On the bay where the British have their blockade is the American Fort McHenry. Its cannons are all that are keeping the British ships away. Its commander orders a massive American flag made and raises it from the ramparts. The citizens of Baltimore are told to watch that flag. If it falls, run for the hills because the British are coming.
On a British medical ship behind the blockade, a doctor from Baltimore is tending to a sick man.
Around dusk, the battle begins. The British gunships begin their barrage into Fort McHenry, and Fort McHenry begins to battle back. All through the night, shells shoot back and forth, some of them bursting in midair. The doctor watches, trying to catch a glimpse of that flag over Fort McHenry – his signal of whether or not the British win the field.
The battle is intense. The British are fighting for national pride. The Americans, for survival.
Dawn rises.
That massive American flag over Fort McHenry still stands.
The man is inspired to write a poem:
Oh, say can you see by the dawn’s early light
What so proudly we hailed at the twilight’s last gleaming?
Whose broad stripes and bright stars thru the perilous fight,
O’er the ramparts we watched were so gallantly streaming?
And the rocket’s red glare, the bombs bursting in air,
Gave proof through the night that our flag was still there.
Oh, say does that star-spangled banner yet wave
O’er the land of the free and the home of the brave?On the shore, dimly seen through the mists of the deep,
Where the foe’s haughty host in dread silence reposes,
What is that which the breeze, o’er the towering steep,
As it fitfully blows, half conceals, half discloses?
Now it catches the gleam of the morning’s first beam,
In full glory reflected now shines in the stream:
‘Tis the star-spangled banner! Oh long may it wave
O’er the land of the free and the home of the brave!And where is that band who so vauntingly swore
That the havoc of war and the battle’s confusion,
A home and a country should leave us no more!
Their blood has washed out their foul footsteps’ pollution.

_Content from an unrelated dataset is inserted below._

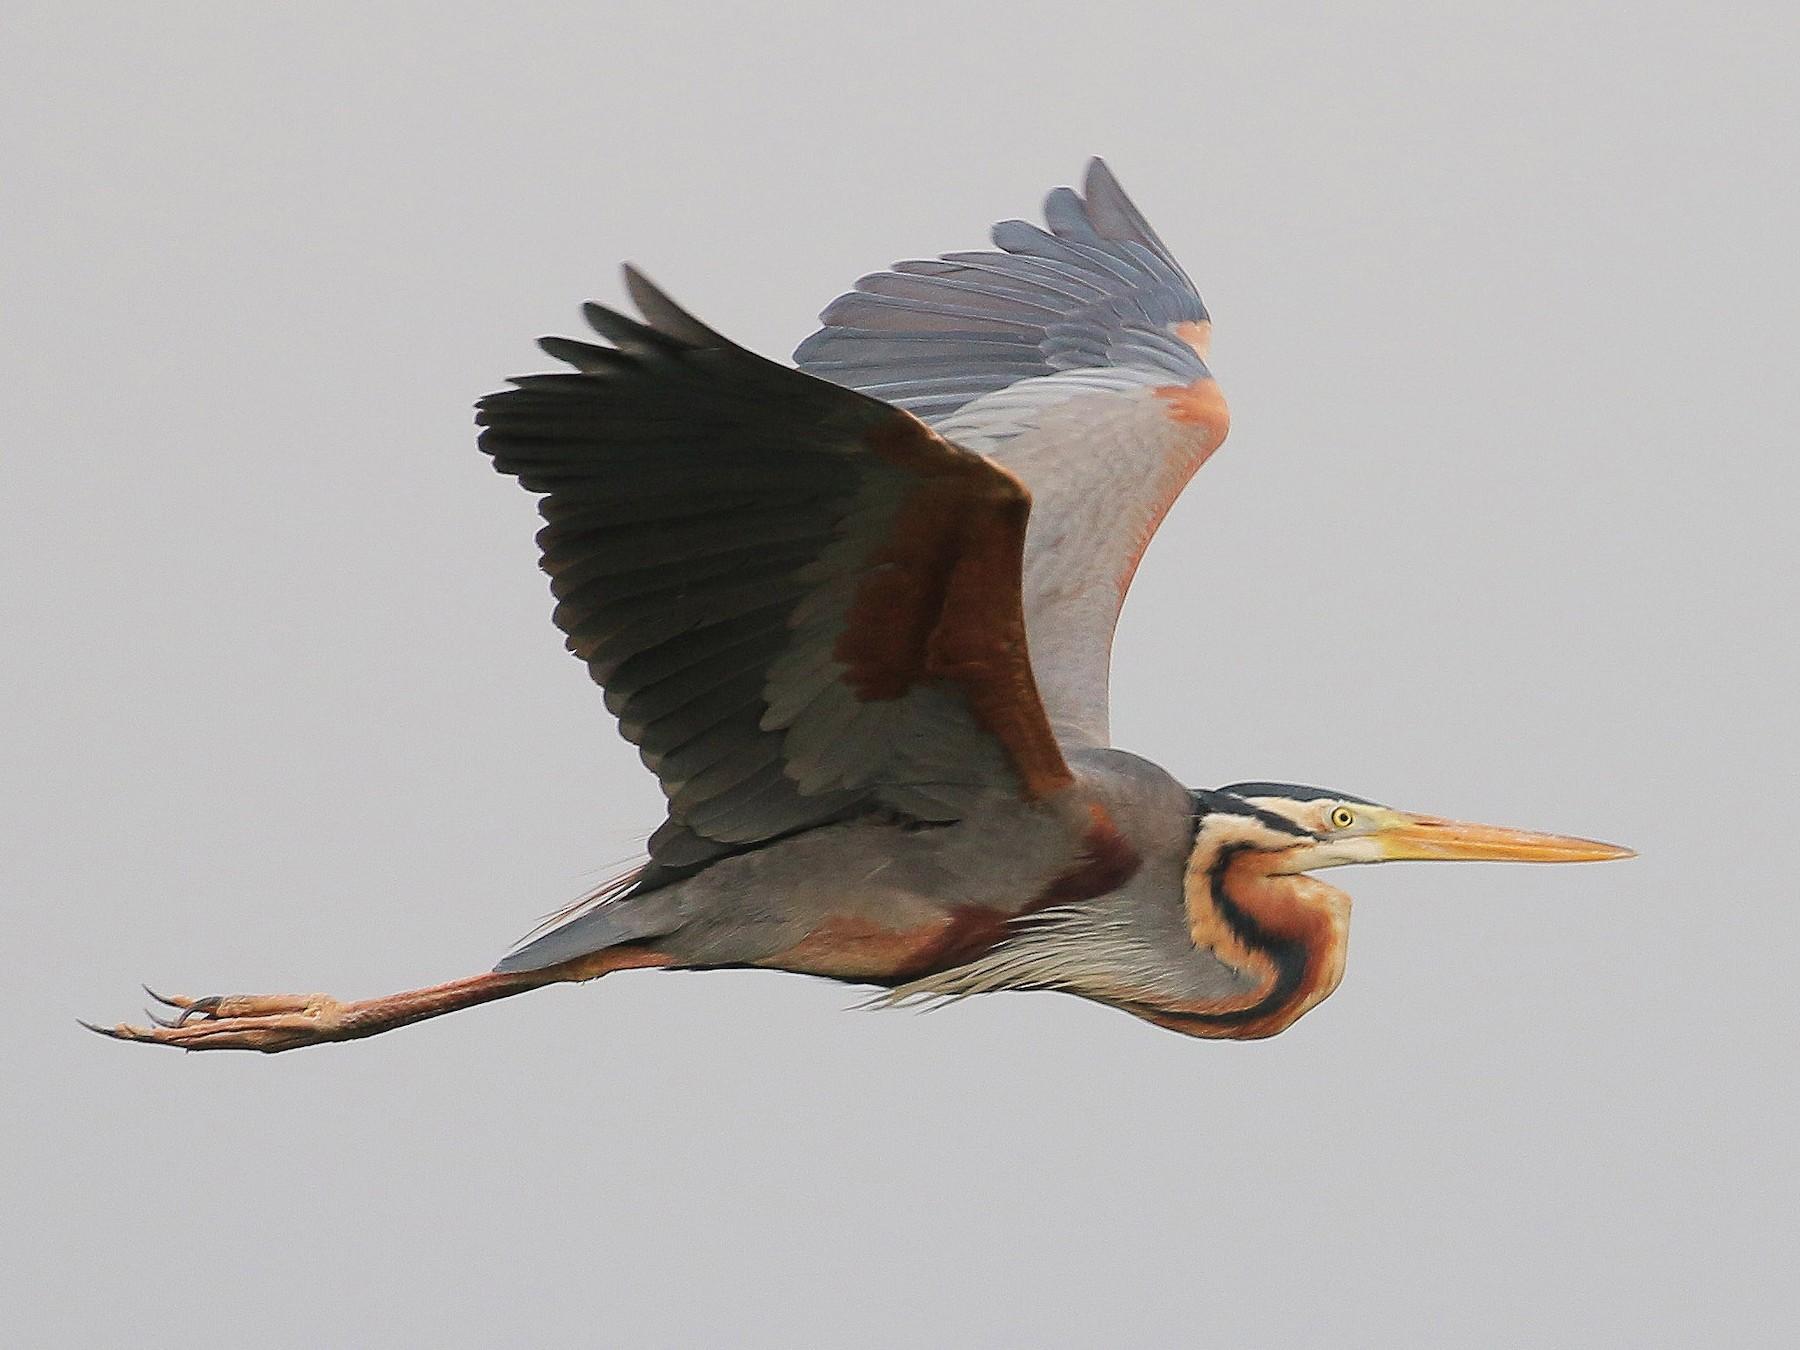 Purple Heron - Neoh Hor Kee

No refuge could save the hireling and slave
From the terror of flight, or the gloom of the grave:
And the star-spangled banner in triumph doth wave
O’er the land of the free and the home of the brave!Oh! thus be it ever, when freemen shall stand
Between their loved home and the war’s desolation!
Blest with victory and peace, may the heav’n rescued land
Praise the Power that hath made and preserved us a nation.
Then conquer we must, when our cause it is just,
And this be our motto: “In God is our trust.”
And the star-spangled banner in triumph shall wave
O’er the land of the free and the home of the brave!
Before the War of 1812, aka the Second American Revolution, the American nation was referred to as these United States – a collection of individual States with little in common and with little cohesive identity. After the War of 1812, the American nation became known as the United States. The War had forged a nation.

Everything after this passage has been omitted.